Rome took to naval warfare "like a brick to water" and the first few naval battles of the First Punic War such as the Battle of the Lipari Islands were catastrophic disasters for Rome, as might fairly be expected from a city that had no real prior experience of naval warfare. However, after training more sailors and inventing a grappling engine known as a Corvus, a Roman naval force under C. Duillius was able to roundly defeat a Carthaginian fleet at the Battle of Mylae. In just four years, a state without any real naval experience had managed to better a major regional maritime power in battle. Further naval victories followed at the Battle of Tyndaris and the Battle of Cape Ecnomus.

After having won control of the seas, a Roman force landed on the African coast under Marcus Regulus, who was at first victorious, winning the Battle of Adys and forcing Carthage to sue for peace. However, the terms of peace that Rome proposed were so heavy that negotiations failed, and in response, the Carthaginians hired Xanthippus of Carthage, a mercenary from the martial Greek city-state of Sparta, to reorganise and lead their army. Xanthippus managed to cut off the Roman army from its base by re-establishing Carthaginian naval supremacy and then defeated and captured Regulus at the Battle of Tunis.

Despite being defeated on African soil, the Romans with their newfound naval abilities, roundly beat the Carthaginians in naval battle again – largely through the tactical innovations of the Roman fleet – at the Battle of the Aegates Islands. Carthage was left without a fleet or sufficient coin to raise a new one.

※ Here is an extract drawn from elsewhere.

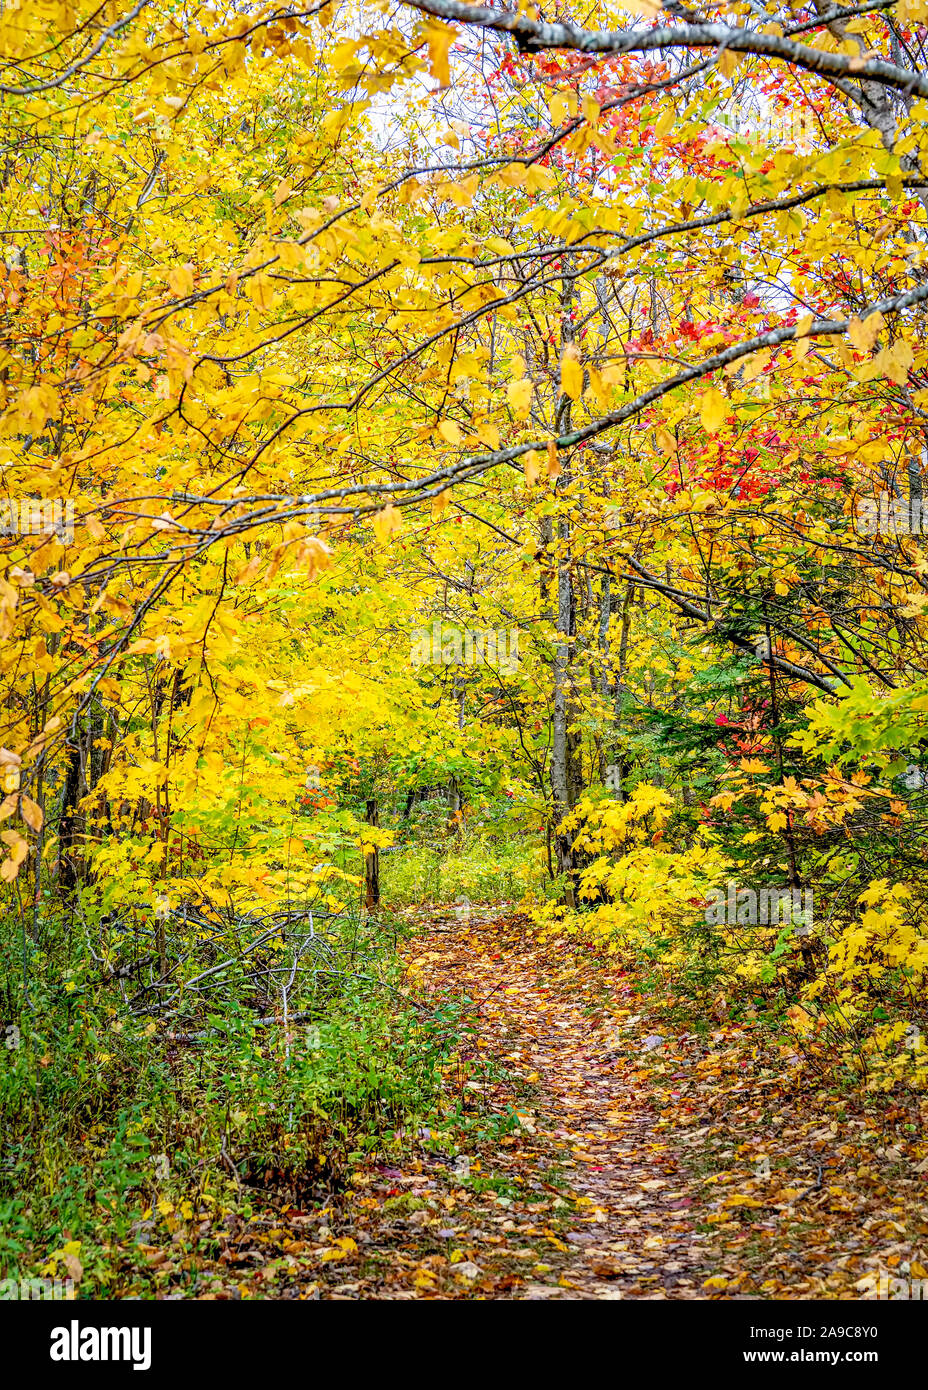 Fallen maple leaves cover a walking track through the forest. Stock Photo

For a maritime power, the loss of their access to the Mediterranean stung financially and psychologically, and the Carthaginians again sued for peace, during which negotiations, Rome battled the Ligures tribe in the Ligurian War and the Insubres in the Gallic War.

Continuing distrust led to the renewal of hostilities in the Second Punic War when Hannibal, a member of the Barcid family of Carthaginian nobility, attacked Saguntum, a city with diplomatic ties to Rome. Hannibal then raised an army in Iberia and famously crossed the Italian Alps with elephants to invade Italy. In the first battle on Italian soil at Ticinus in 218 BC Hannibal defeated the Romans under Scipio the Elder in a small cavalry fight. Hannibal's success continued with victories in the Battle of the Trebia, the Battle of Lake Trasimene, where he ambushed an unsuspecting Roman army, and the Battle of Cannae, in what is considered one of the great masterpieces of tactical art, and for a while "Hannibal seemed invincible", able to beat Roman armies at will.

In the three battles of Nola, Roman general Marcus Claudius Marcellus managed to hold off Hannibal but then Hannibal smashed a succession of Roman consular armies at the First Battle of Capua, the Battle of the Silarus, the Second Battle of Herdonia, the Battle of Numistro and the Battle of Asculum. By this time Hannibal's brother Hasdrubal Barca sought to cross the Alps into Italy and join his brother with a second army. Despite being defeated in Iberia in the Battle of Baecula, Hasdrubal managed to break through into Italy only to be defeated decisively by Gaius Claudius Nero and Marcus Livius Salinator on the Metaurus River.

| "Apart from the romance of Scipio's personality and his political importance as the founder of Rome's world-dominion, his military work has a greater value to modern students of war than that of any other great captain of the past.. His genius revealed to him that peace and war are the two wheels on which the world runs." |
| BH Liddell Hart on Scipio Africanus Major |

Unable to defeat Hannibal himself on Italian soil, and with Hannibal savaging the Italian countryside but unwilling or unable to destroy Rome itself, the Romans boldly sent an army to Africa with the intention of threatening the Carthaginian capital. In 203 BC at the Battle of Bagbrades the invading Roman army under Scipio Africanus Major defeated the Carthaginian army of Hasdrubal Gisco and Syphax and Hannibal was recalled to Africa. At the famous Battle of Zama Scipio decisively defeated – perhaps even "annihilated" – Hannibal's army in North Africa, ending the Second Punic War.

Carthage never managed to recover after the Second Punic War and the Third Punic War that followed was in reality a simple punitive mission to raze the city of Carthage to the ground. Carthage was almost defenceless and when besieged offered immediate surrender, conceding to a string of outrageous Roman demands. The Romans refused the surrender, demanding as their further terms of surrender the complete destruction of the city and, seeing little to lose, the Carthaginians prepared to fight. In the Battle of Carthage the city was stormed after a short siege and completely destroyed, its culture "almost totally extinguished".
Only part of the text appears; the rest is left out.